Content starts

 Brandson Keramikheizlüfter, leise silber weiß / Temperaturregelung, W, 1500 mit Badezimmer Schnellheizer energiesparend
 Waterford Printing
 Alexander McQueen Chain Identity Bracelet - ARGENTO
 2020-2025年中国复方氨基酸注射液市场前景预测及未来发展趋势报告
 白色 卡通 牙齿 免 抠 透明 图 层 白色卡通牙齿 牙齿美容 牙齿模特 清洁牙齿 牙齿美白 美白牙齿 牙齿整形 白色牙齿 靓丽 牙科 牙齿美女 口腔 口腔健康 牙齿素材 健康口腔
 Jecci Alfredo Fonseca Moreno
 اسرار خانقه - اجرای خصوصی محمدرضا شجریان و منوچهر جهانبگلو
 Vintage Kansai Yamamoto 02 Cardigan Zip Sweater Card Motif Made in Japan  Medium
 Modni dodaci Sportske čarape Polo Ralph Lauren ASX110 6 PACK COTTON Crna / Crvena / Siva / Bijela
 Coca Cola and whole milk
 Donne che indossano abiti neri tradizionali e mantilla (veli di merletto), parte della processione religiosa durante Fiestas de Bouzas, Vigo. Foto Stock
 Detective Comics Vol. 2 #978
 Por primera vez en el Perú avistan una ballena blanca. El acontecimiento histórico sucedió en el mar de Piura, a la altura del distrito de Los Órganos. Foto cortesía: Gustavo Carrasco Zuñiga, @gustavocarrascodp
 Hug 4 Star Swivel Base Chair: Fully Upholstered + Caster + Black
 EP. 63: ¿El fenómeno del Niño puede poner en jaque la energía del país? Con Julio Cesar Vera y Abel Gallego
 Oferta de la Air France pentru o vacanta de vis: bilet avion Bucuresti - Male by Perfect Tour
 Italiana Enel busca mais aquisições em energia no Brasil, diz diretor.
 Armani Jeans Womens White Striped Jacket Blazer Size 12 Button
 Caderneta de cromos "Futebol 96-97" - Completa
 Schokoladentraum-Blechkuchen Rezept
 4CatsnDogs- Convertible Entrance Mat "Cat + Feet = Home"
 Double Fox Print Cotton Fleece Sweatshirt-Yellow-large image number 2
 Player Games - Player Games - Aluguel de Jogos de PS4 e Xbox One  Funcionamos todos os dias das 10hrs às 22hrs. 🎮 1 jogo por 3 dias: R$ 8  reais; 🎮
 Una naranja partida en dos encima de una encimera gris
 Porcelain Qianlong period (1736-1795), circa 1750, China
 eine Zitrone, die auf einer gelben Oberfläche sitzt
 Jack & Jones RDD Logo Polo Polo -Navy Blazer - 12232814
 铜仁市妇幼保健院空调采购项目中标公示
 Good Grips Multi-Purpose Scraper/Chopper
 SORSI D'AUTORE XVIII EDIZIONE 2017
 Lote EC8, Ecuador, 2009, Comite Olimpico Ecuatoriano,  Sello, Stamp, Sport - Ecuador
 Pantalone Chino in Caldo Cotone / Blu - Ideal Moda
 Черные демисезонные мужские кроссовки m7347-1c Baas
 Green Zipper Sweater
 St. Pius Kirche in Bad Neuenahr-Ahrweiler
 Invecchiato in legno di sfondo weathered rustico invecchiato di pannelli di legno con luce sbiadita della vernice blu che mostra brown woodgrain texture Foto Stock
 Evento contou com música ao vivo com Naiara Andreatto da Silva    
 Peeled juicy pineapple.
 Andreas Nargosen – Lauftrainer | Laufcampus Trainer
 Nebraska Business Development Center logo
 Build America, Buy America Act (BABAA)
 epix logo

Content ends

WHAT THE TASK ASKS: Quote each line of the listing above exactly.

EXERCISE RESPONSE:
 Brandson Keramikheizlüfter, leise silber weiß / Temperaturregelung, W, 1500 mit Badezimmer Schnellheizer energiesparend
 Waterford Printing
 Alexander McQueen Chain Identity Bracelet - ARGENTO
 2020-2025年中国复方氨基酸注射液市场前景预测及未来发展趋势报告
 白色 卡通 牙齿 免 抠 透明 图 层 白色卡通牙齿 牙齿美容 牙齿模特 清洁牙齿 牙齿美白 美白牙齿 牙齿整形 白色牙齿 靓丽 牙科 牙齿美女 口腔 口腔健康 牙齿素材 健康口腔
 Jecci Alfredo Fonseca Moreno
 اسرار خانقه - اجرای خصوصی محمدرضا شجریان و منوچهر جهانبگلو
 Vintage Kansai Yamamoto 02 Cardigan Zip Sweater Card Motif Made in Japan  Medium
 Modni dodaci Sportske čarape Polo Ralph Lauren ASX110 6 PACK COTTON Crna / Crvena / Siva / Bijela
 Coca Cola and whole milk
 Donne che indossano abiti neri tradizionali e mantilla (veli di merletto), parte della processione religiosa durante Fiestas de Bouzas, Vigo. Foto Stock
 Detective Comics Vol. 2 #978
 Por primera vez en el Perú avistan una ballena blanca. El acontecimiento histórico sucedió en el mar de Piura, a la altura del distrito de Los Órganos. Foto cortesía: Gustavo Carrasco Zuñiga, @gustavocarrascodp
 Hug 4 Star Swivel Base Chair: Fully Upholstered + Caster + Black
 EP. 63: ¿El fenómeno del Niño puede poner en jaque la energía del país? Con Julio Cesar Vera y Abel Gallego
 Oferta de la Air France pentru o vacanta de vis: bilet avion Bucuresti - Male by Perfect Tour
 Italiana Enel busca mais aquisições em energia no Brasil, diz diretor.
 Armani Jeans Womens White Striped Jacket Blazer Size 12 Button
 Caderneta de cromos "Futebol 96-97" - Completa
 Schokoladentraum-Blechkuchen Rezept
 4CatsnDogs- Convertible Entrance Mat "Cat + Feet = Home"
 Double Fox Print Cotton Fleece Sweatshirt-Yellow-large image number 2
 Player Games - Player Games - Aluguel de Jogos de PS4 e Xbox One  Funcionamos todos os dias das 10hrs às 22hrs. 🎮 1 jogo por 3 dias: R$ 8  reais; 🎮
 Una naranja partida en dos encima de una encimera gris
 Porcelain Qianlong period (1736-1795), circa 1750, China
 eine Zitrone, die auf einer gelben Oberfläche sitzt
 Jack & Jones RDD Logo Polo Polo -Navy Blazer - 12232814
 铜仁市妇幼保健院空调采购项目中标公示
 Good Grips Multi-Purpose Scraper/Chopper
 SORSI D'AUTORE XVIII EDIZIONE 2017
 Lote EC8, Ecuador, 2009, Comite Olimpico Ecuatoriano,  Sello, Stamp, Sport - Ecuador
 Pantalone Chino in Caldo Cotone / Blu - Ideal Moda
 Черные демисезонные мужские кроссовки m7347-1c Baas
 Green Zipper Sweater
 St. Pius Kirche in Bad Neuenahr-Ahrweiler
 Invecchiato in legno di sfondo weathered rustico invecchiato di pannelli di legno con luce sbiadita della vernice blu che mostra brown woodgrain texture Foto Stock
 Evento contou com música ao vivo com Naiara Andreatto da Silva    
 Peeled juicy pineapple.
 Andreas Nargosen – Lauftrainer | Laufcampus Trainer
 Nebraska Business Development Center logo
 Build America, Buy America Act (BABAA)
 epix logo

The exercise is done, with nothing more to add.